You said nothing about having modprobed your fglrx driver, or about adding it to your modules.autoload.d/kernel-2.6 file, or about modprobing your chipset agp device driver, or about whether agpgarrt is loaded or not. Try all of those things before giving up and thinking it doesn't work. It will. You just seem to be neglecting these basic steps.

The PCI bus ID error is irrelevant. X will de3fault to the next avaiable device, whatever that might be. The PCI bus line is usually just commented out in XF86Config.

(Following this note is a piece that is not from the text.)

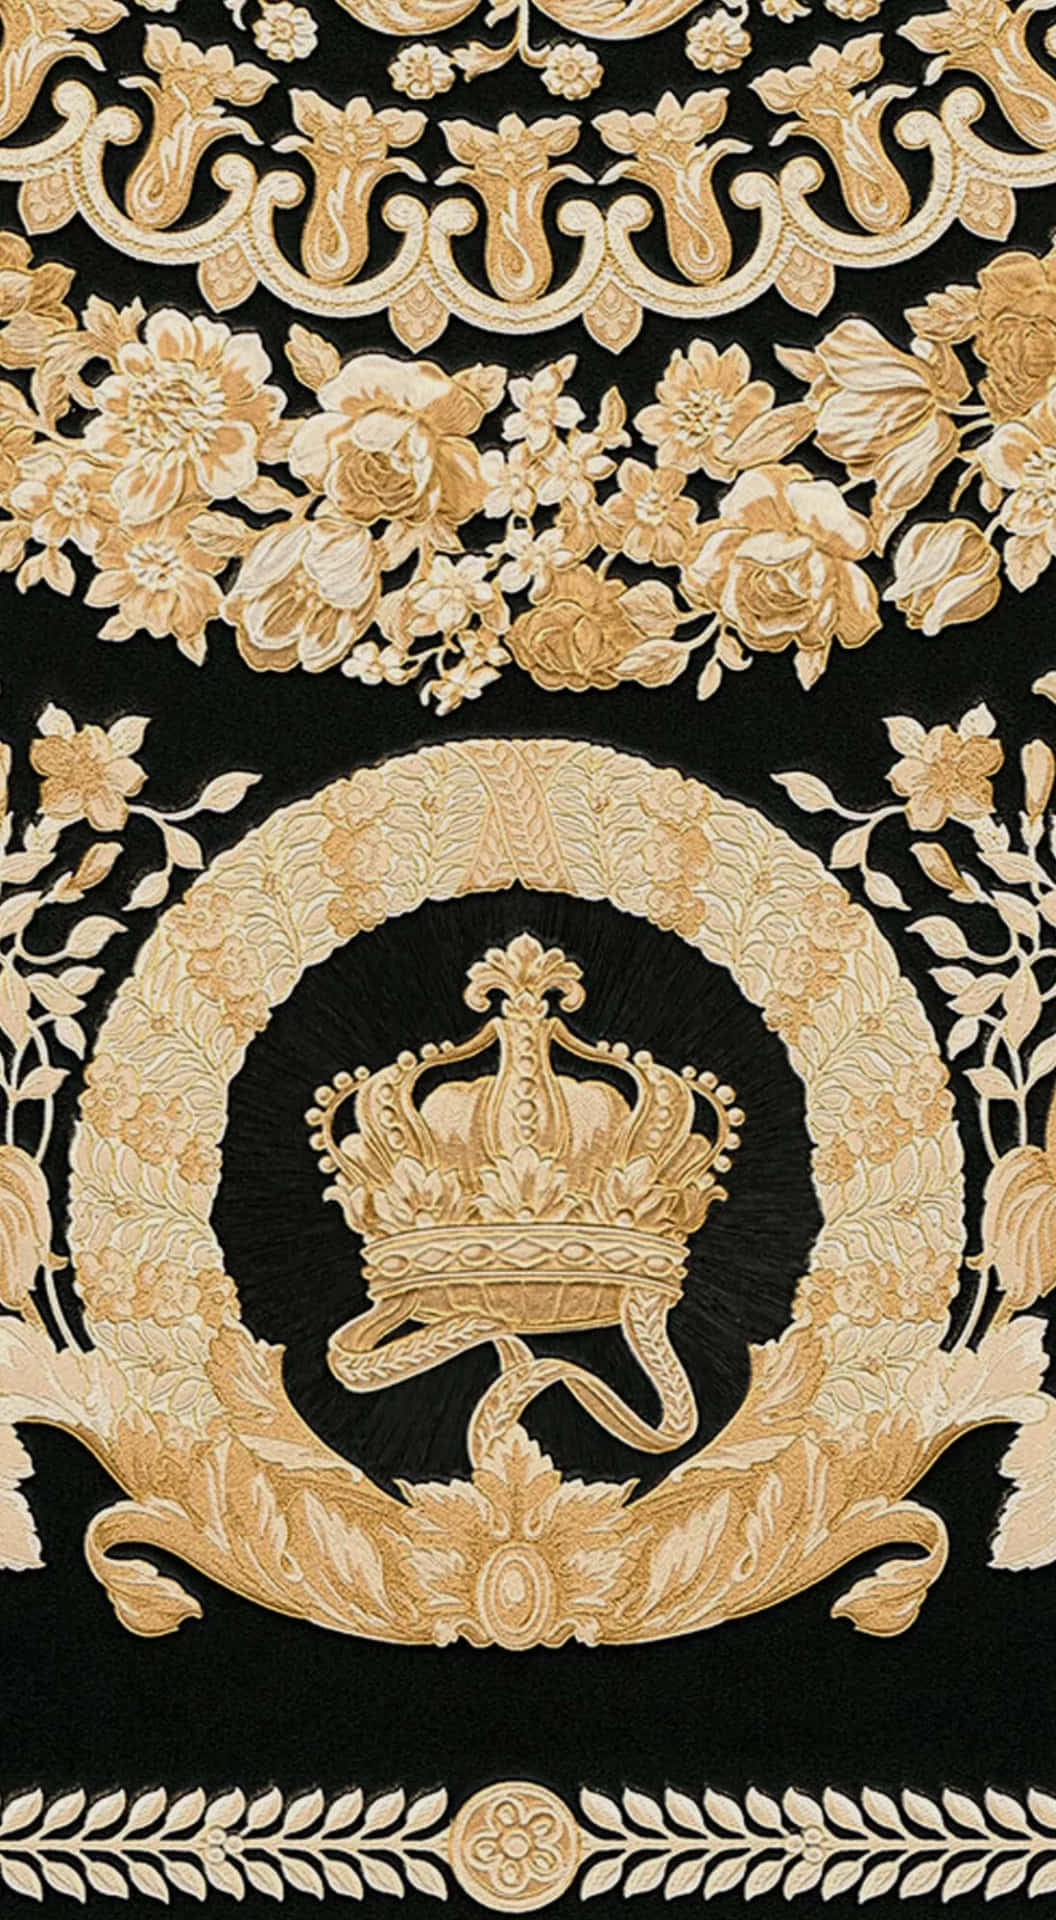 Einschwarz-goldener Teppich Mit Einer Krone Und Kronen. Wallpaper

If you can't get it working now, I'll eat my hat.

Q

----------

## Moled

 *Quote:*   

> (II) LoadModule: "GLcore"
> 
> (WW) Warning, couldn't open module GLcore
> 
> (II) UnloadModule: "GLcore"
> ...

 

does libGLcore.a exist in that dir?

----------

## frbie

Hello,

I solved the problem. I had an Geforce in former times so I changed to the Nvidia implemetation of Opengl some time ago ("opengl-update nvidia"). So the emerge ati-drivers didn't find the xfree libs. The only thing I have to do is a opengl-update xfree and the libs are in the path again.

----------

## vini

 *frbie wrote:*   

> Hello,
> 
> I solved the problem. I had an Geforce in former times so I changed to the Nvidia implemetation of Opengl some time ago ("opengl-update nvidia"). So the emerge ati-drivers didn't find the xfree libs. The only thing I have to do is a opengl-update xfree and the libs are in the path again.

 

How is the performance ?  :Smile: 

v

----------